Jon T. Patrick was smart. More, he was savvy. And he knew blue sarcasm when he heard it. So he dragged himself out of his thoughts and gave the detective his full attention. “You guys have it under control. I’m just working a side investigation, is all. A little project.”
“Uh-huh.” Petrosian maybe wasn’t as smart, but he was plenty savvy too, so he let Patrick’s comment go without challenge.
“Although…” Patrick knew it was stupid, but he couldn’t resist. “Tell me about your specialist, Ms. Malkin.”
Ms. Malkin. Lily. It wasn’t a name that suited her: a lily was a delicate, overscented flower. Malkin’s hazel eyes were tough, her body toned and muscled under the curves, her stride strong, and her scent…unscented. Powder and soap.
He usually liked perfume on a woman, liked placing his face against her neck and smelling the aroma rising off her skin. But perfume would be wrong on Malkin. It would be overkill.

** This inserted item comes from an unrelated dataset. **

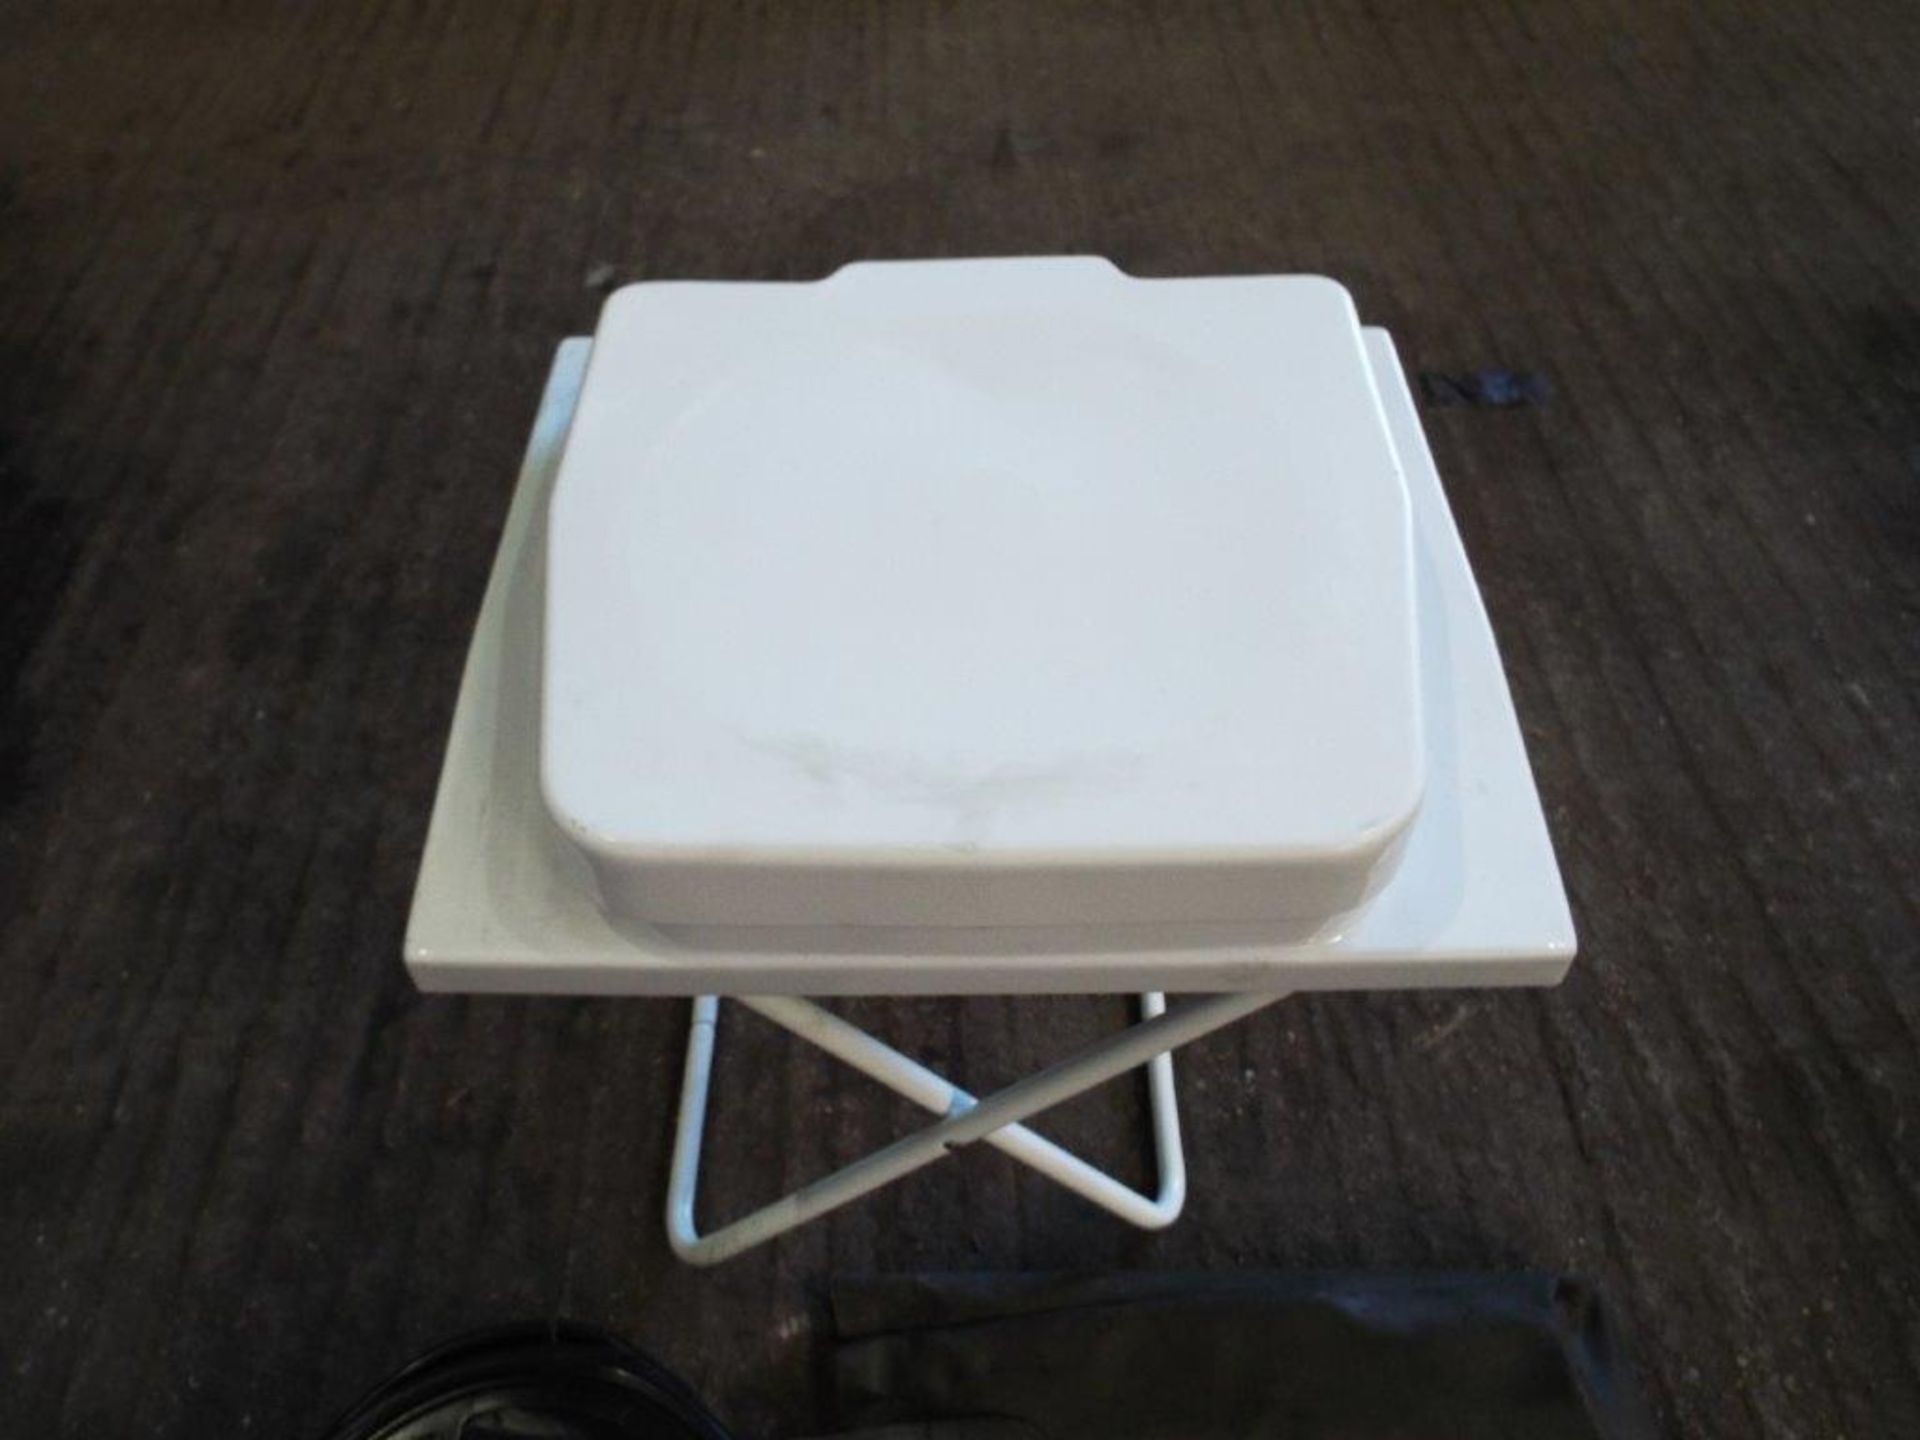 Klean-Contor Military Camp Toilet Complete with Disposable Bags and Carry Case - Image 3 of 8

He wanted to take her out to dinner. Nothing fancy: pasta maybe, and a bottle of decent wine. He wondered if she drank red wine. He thought maybe she did. Or maybe he was projecting. Patrick was amused at himself, despite the seriousness of the case. Profiler, profile thyself? Why was he so attracted to her? She was a hot little thing, yeah, but he’d seen better. But there was something about her that spoke to him, beyond the physical, and well beyond any use she might have to the case.
That attraction was bad. He couldn’t afford to be distracted. He had a steady rule: no female distractions on a case. After, yes. But he would be on his way home by then.

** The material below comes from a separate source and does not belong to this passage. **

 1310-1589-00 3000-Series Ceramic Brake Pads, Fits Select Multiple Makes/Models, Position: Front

Petrosian looked at him carefully, and then answered. “Lily’s good people. She works as a teller down at West Central, that’s a local bank. Volunteers at the shelter. Lived here, oh, three, four years? About that. Went to school on the West Coast, doesn’t seem to have any family that she’s mentioned. Straight up, all straight up.”

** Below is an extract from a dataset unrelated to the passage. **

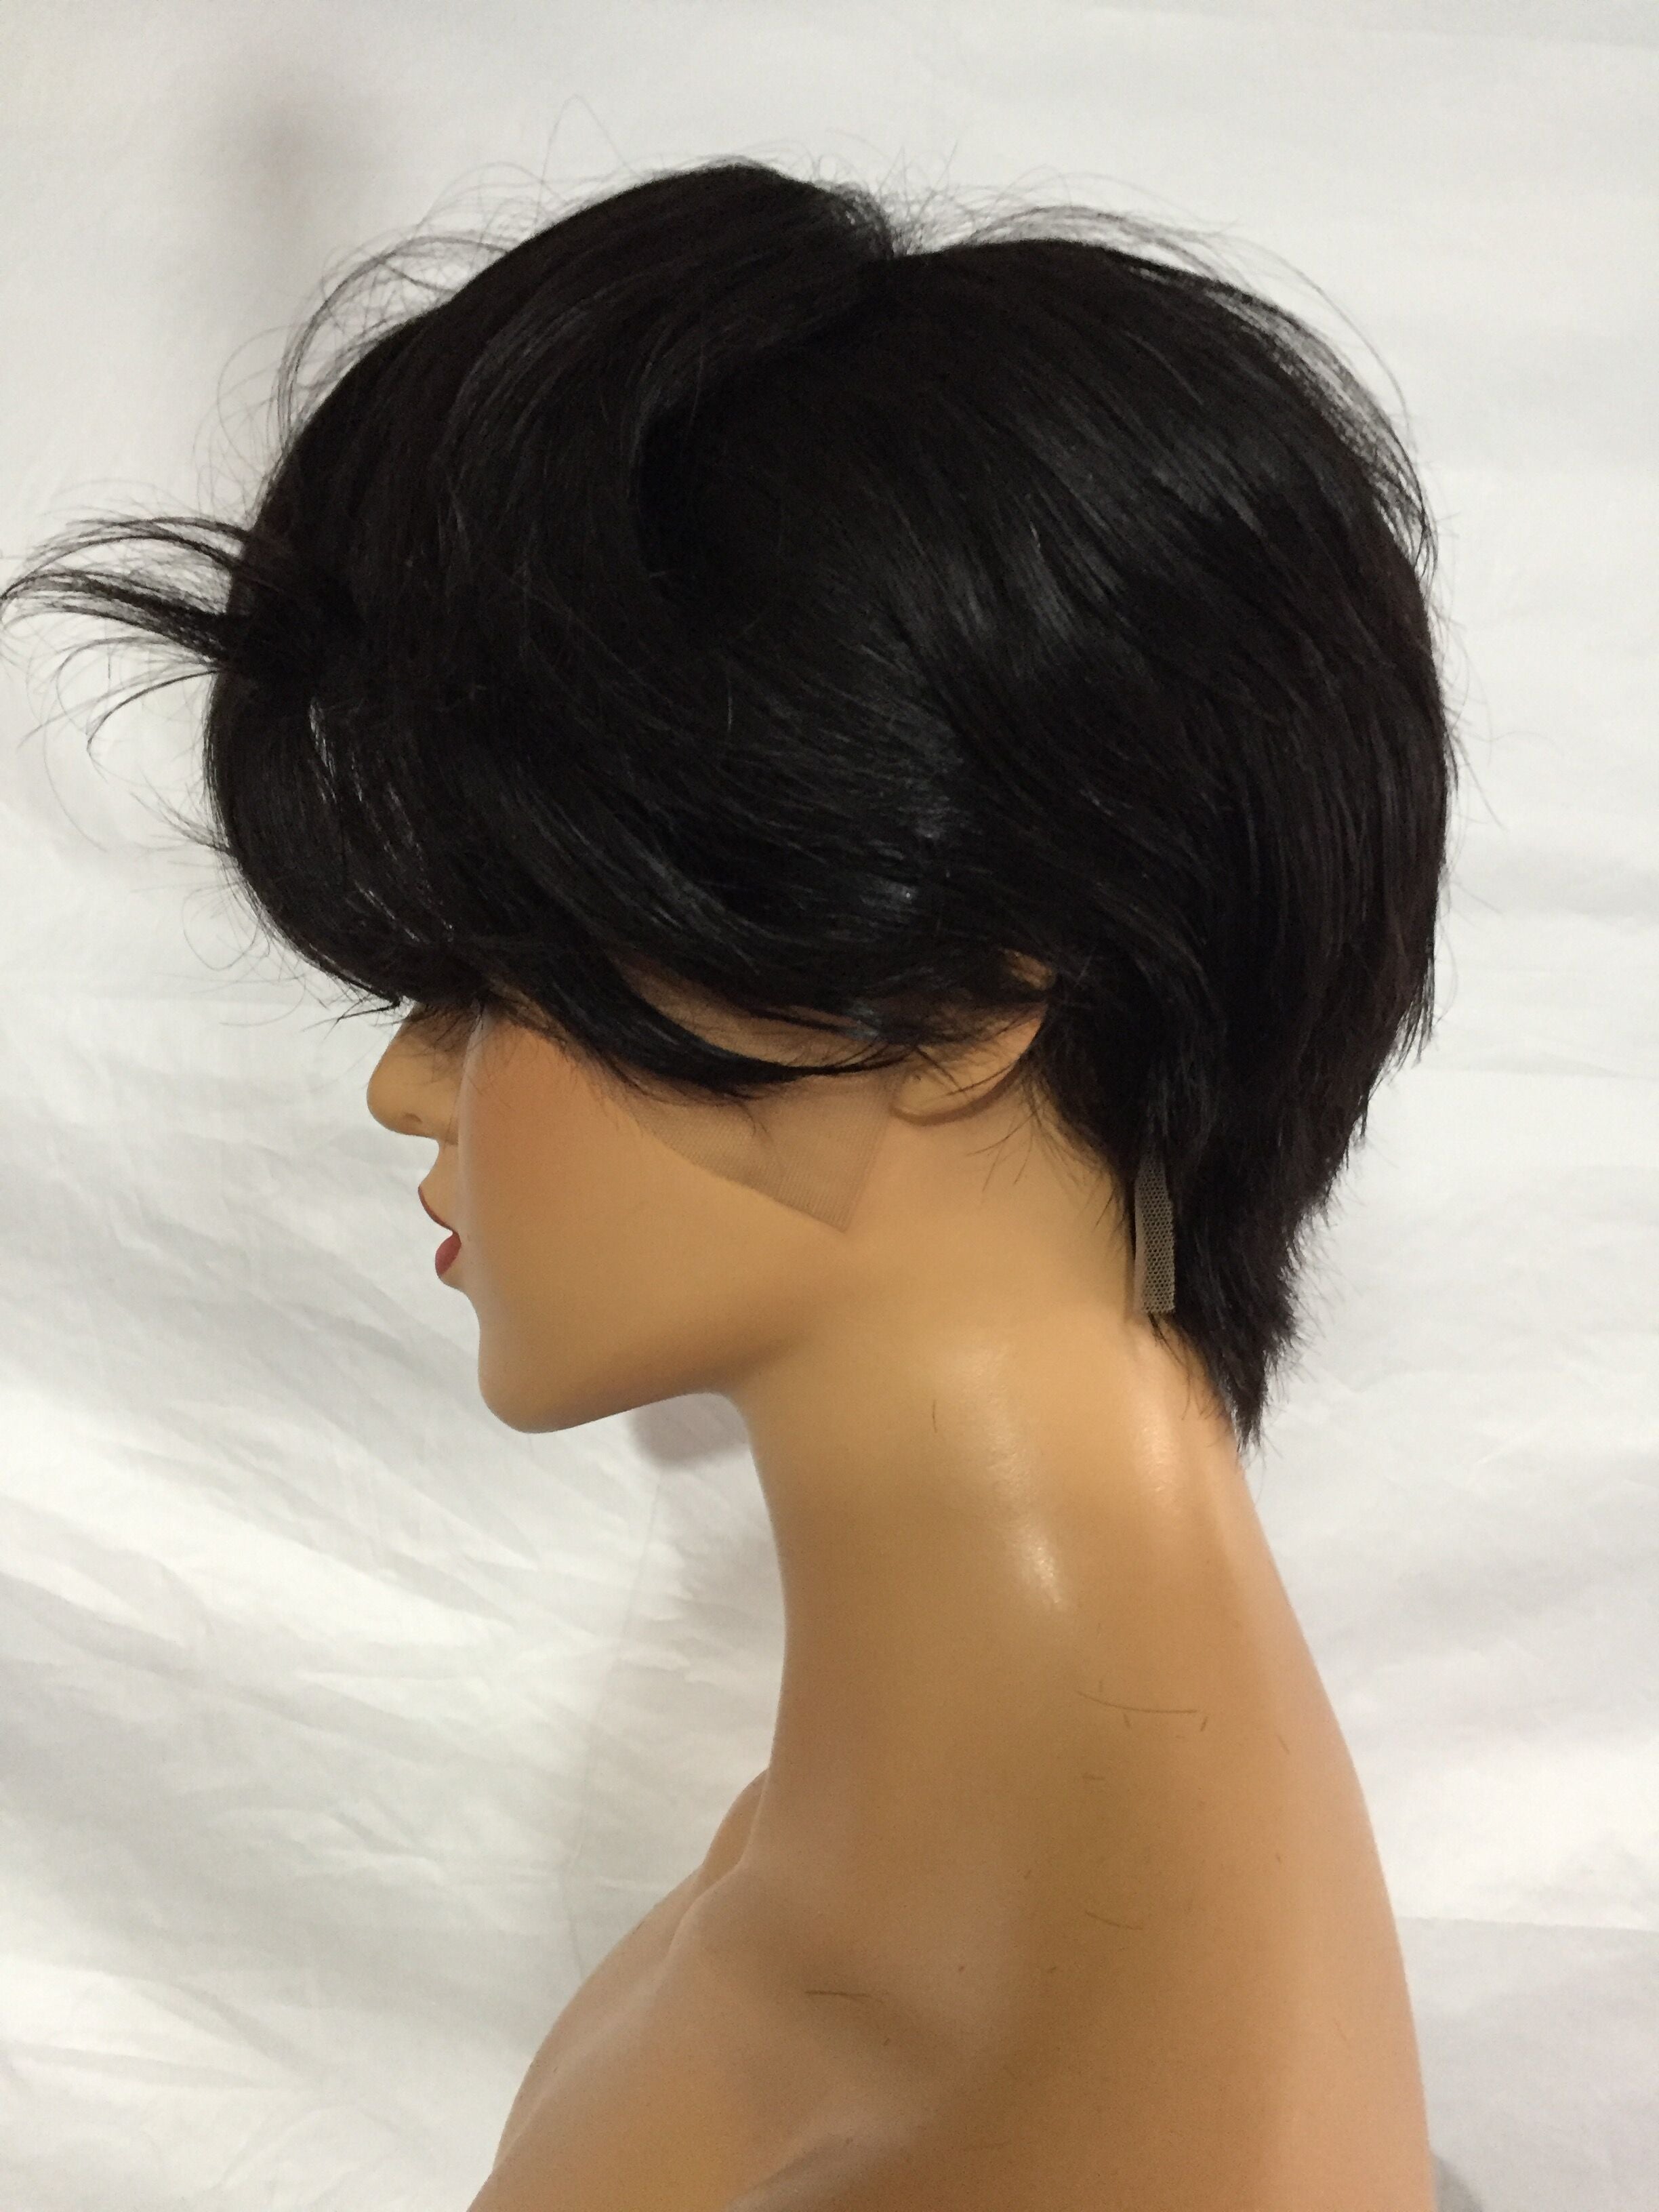 Pixie Wig lace short cut Wigs real Human Hair Wig

“And she talks to cats.” She also had skin the color of a sun-ripened peach. He wondered if all of her skin was that exact tone.
Petrosian snorted. “She does something, that’s for sure. Years ago, I was a rookie, we had a cougar wander into town, get panicked. The local zoo sent over one of their people to try to get it back into a cage. Took us all night, half a dozen tranqs, and earned me a couple of nasty gashes before we got the damn thing cornered and caged. Last year? Lily damn near purred a big cat into walking on its own paws into the cage. Took maybe an hour, all told.”
Patrick wasn’t sure he entirely believed that, but they’d probably both seen stranger things in their years. “How does she do it?”
The cop shrugged. “Don’t know, don’t care, and she won’t thank you for poking around.”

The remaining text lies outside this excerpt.